LONDON (Reuters) - Ukraine will look at whether it needs to buy back or rework the terms of the GDP-linked bonds it used to sweeten its 2015 debt restructuring, the country’s finance minister said on Monday.
Ukraine threw in $3.6 billion (2.74 billion pounds) in GDP warrants - bonds indexed to economic growth - to boost the appeal of its restructuring which forced investors to write off 20 percent of the original value of their holdings.
The move was seen as particularly attractive as Kiev made one crucial omission: unlike other warrant issuers, it did not put a cap on future payouts, possibly making itself liable for big annual payouts after 2025 when other payments limits expire.
“We have developed a medium-term debt strategy and within this we are open to considering all options including our own GDP warrants,” Finance Minister Oleksandr Danylyuk told Reuters in an interview.
“But if and when (we do this) is will depend on the situation. We keep our options open.”
GDP warrants have been used in other debt restructurings, notably by Argentina in 2005 and Greece in 2012.
The idea is to give a country breathing space, allowing it to pay less during an economic slump by promising investors a bigger slice of future growth.
Ukraine’s warrants pay no regular interest but they kick in once the country’s nominal GDP exceeds $125.4 billion and annual growth hits 3 percent.
Payouts are subject to a complex formula but, put simply, holders are entitled to a sum equal to 15 percent of any economic output achieved above this growth threshold, adjusted for inflation.
So should the economy expand 4 percent or more, holders will take away no less than 40 percent between them of national wealth created above that higher level from 2025 up until 2040 when the bonds expire. FACTBOX:
To illustrate what Ukraine might face, analysts at Neuberger Berman calculate that a $120 million payout in 2021 in a scenario where 2019 growth is 3.5 percent, would leap to $1.6 billion if growth was a stronger 6 percent instead.
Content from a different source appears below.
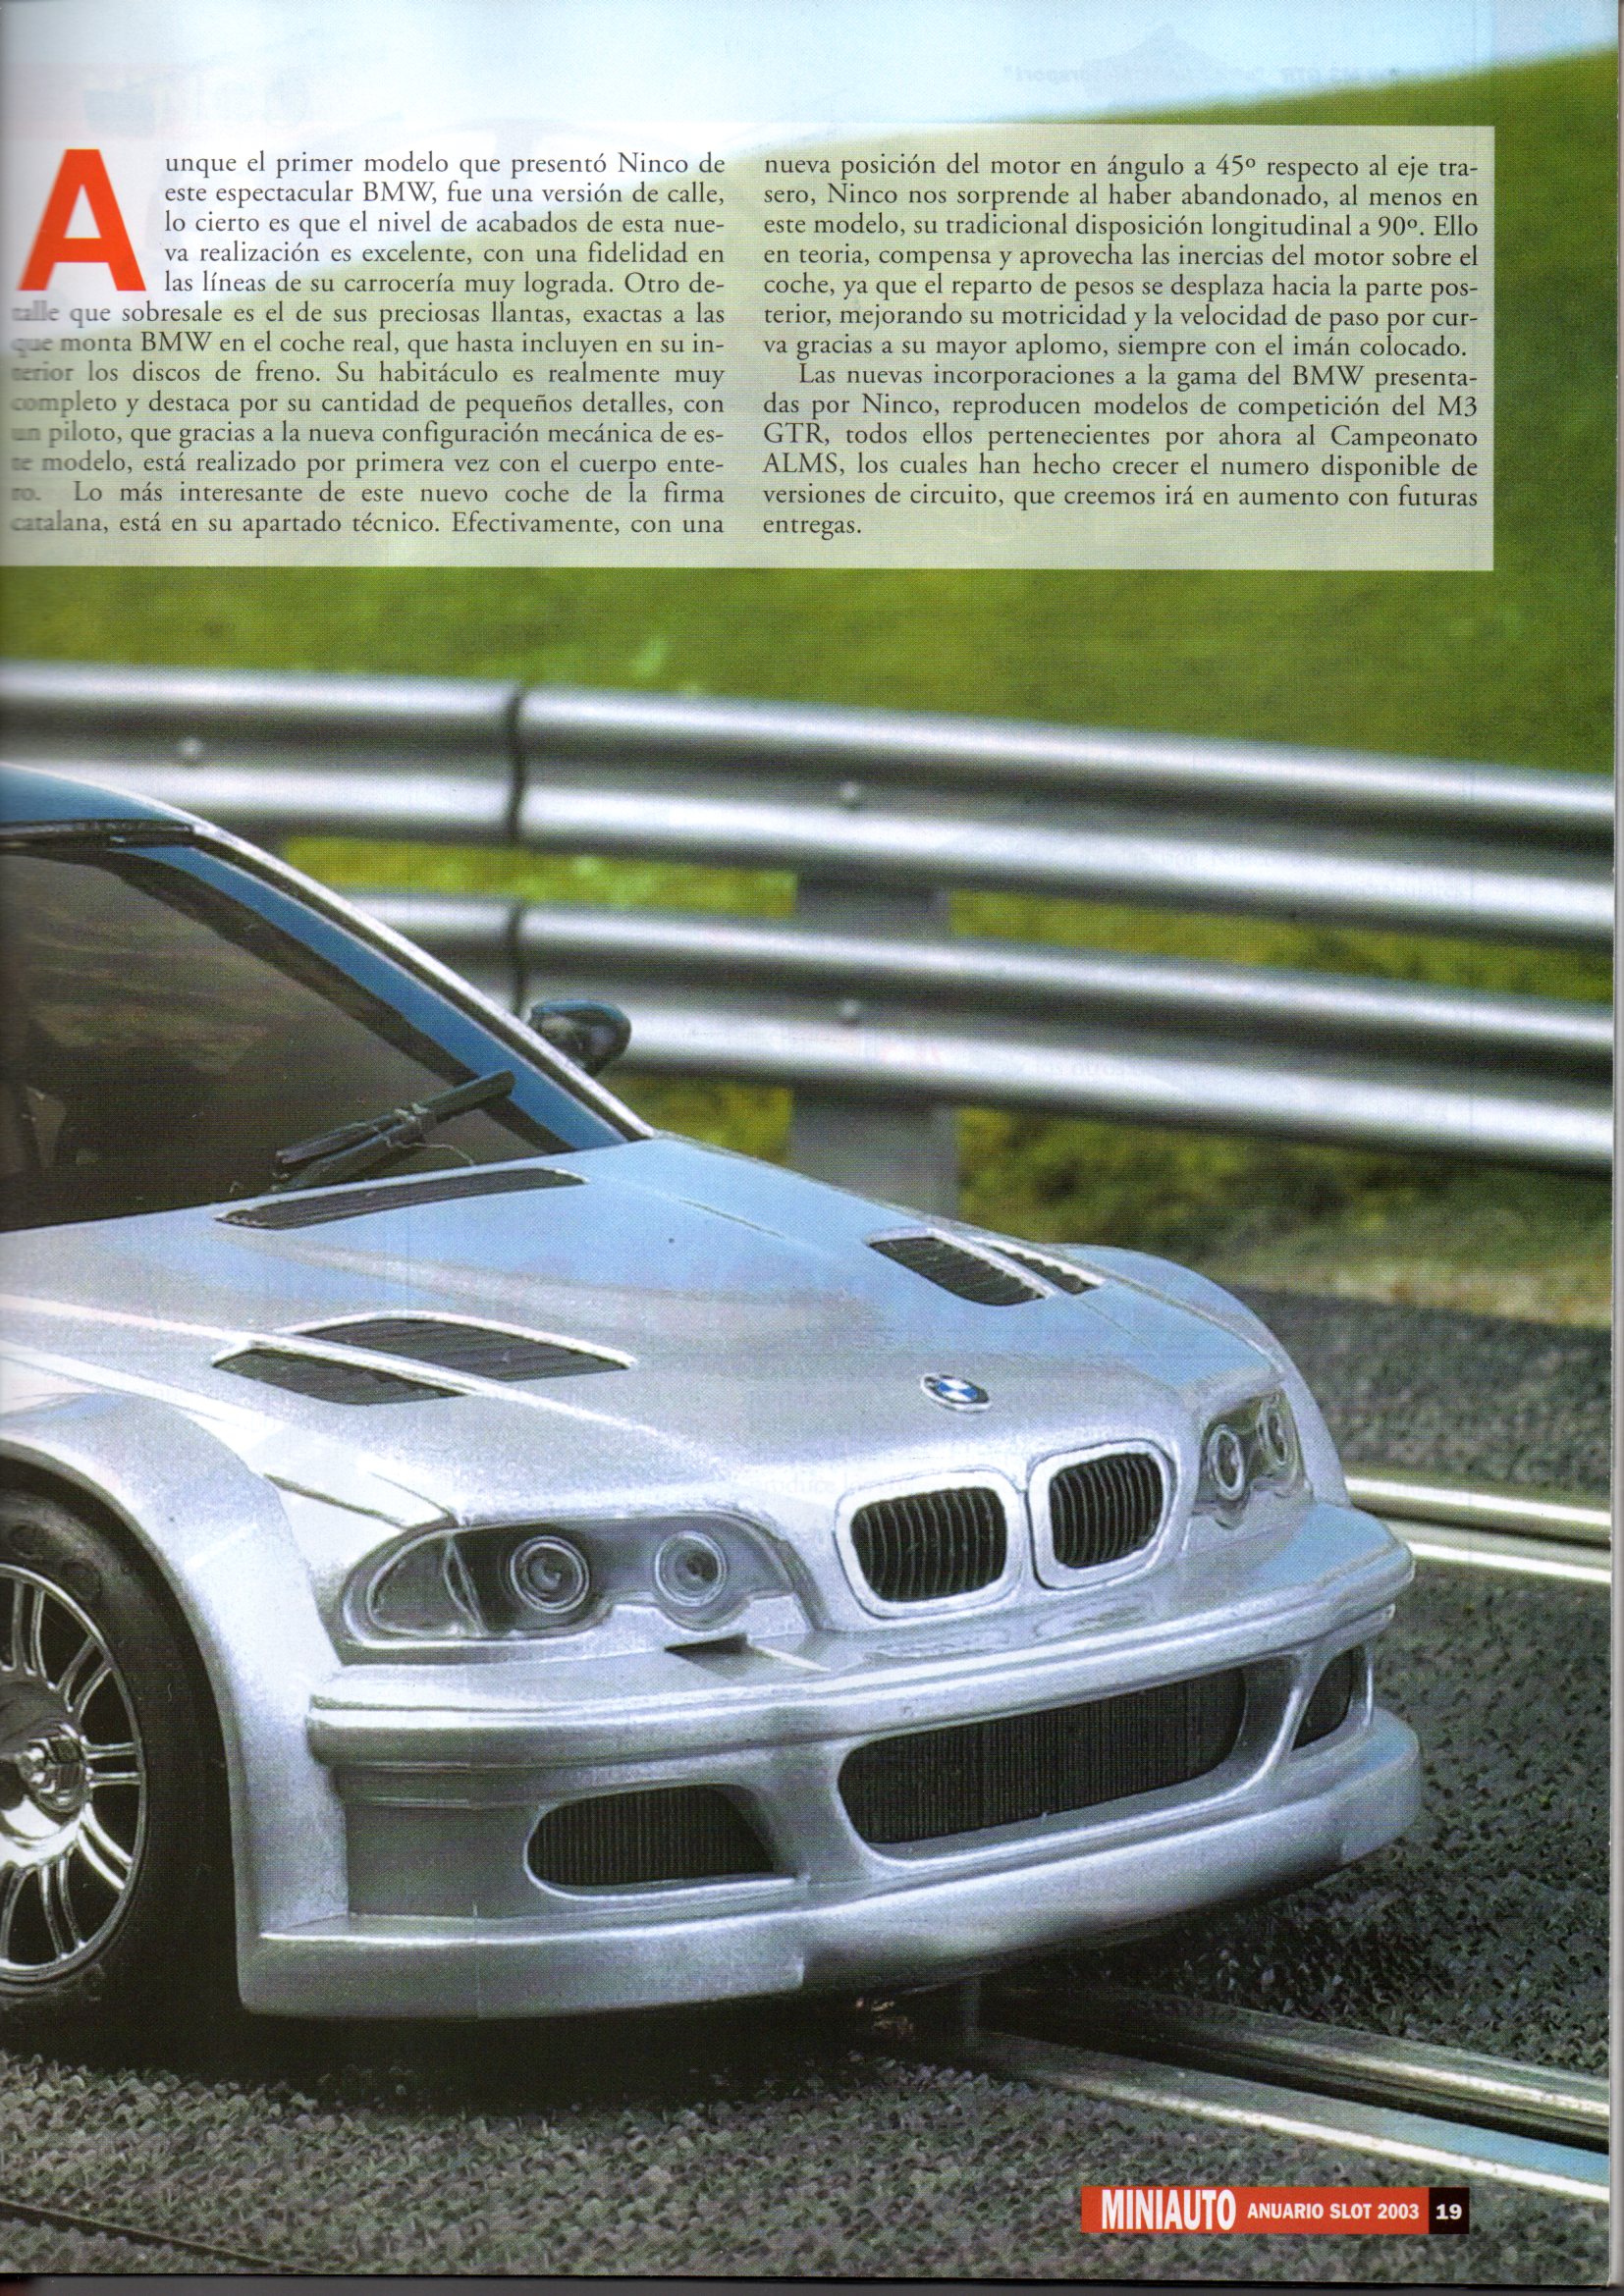 BMW m3 GTR (50461
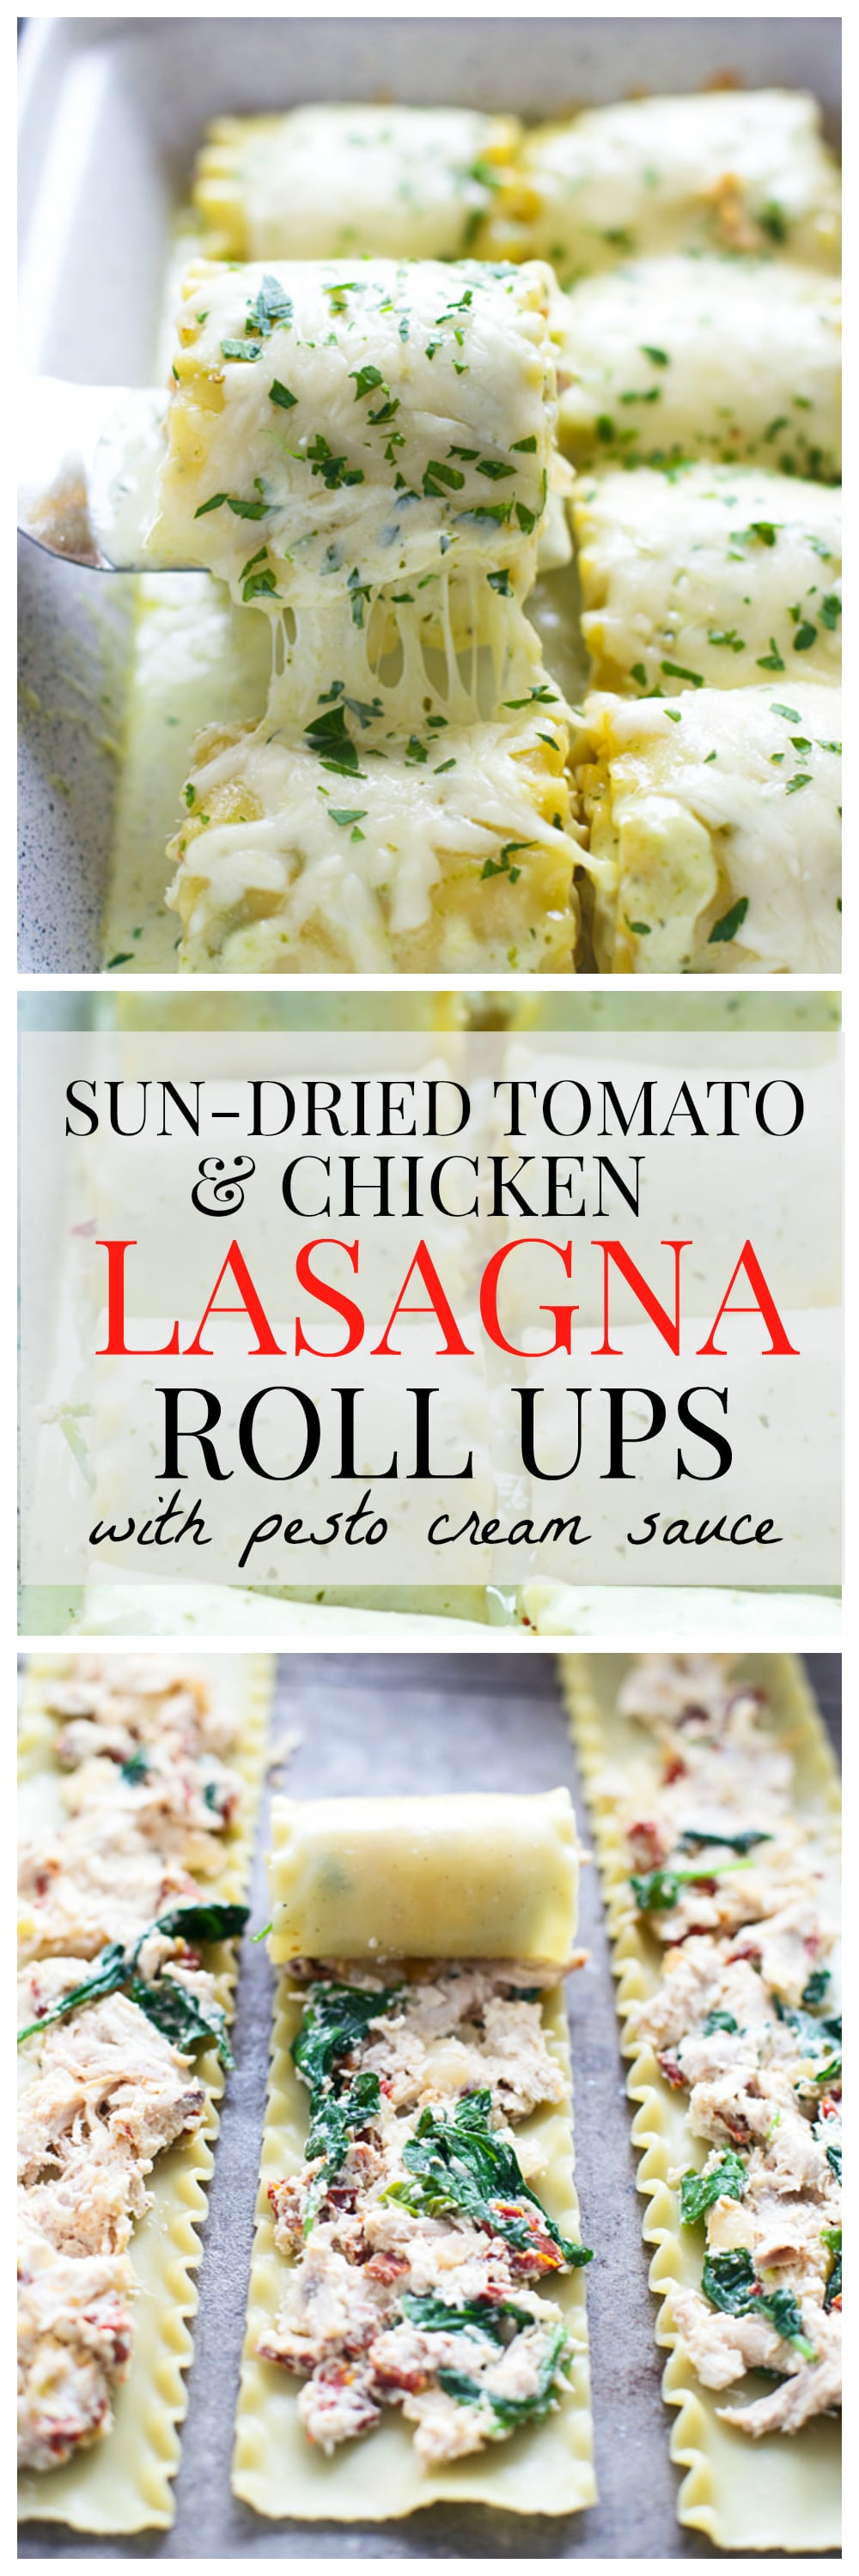 Sun-Dried Tomato and Chicken Lasagna Roll Ups with Pesto Cream

The bill would be even bigger without the payout cap that lasts only until 2025, somewhere around $2 billion, they say.
Danylyuk said the finance ministry was also looking at other options as part of its funding review plan, including issuing bonds in its local hryvnia currency again.
“We are also working on bringing the international investors to our local debt market.
“This is a priority for us. We are not talking about years, we are talking about months,” he added.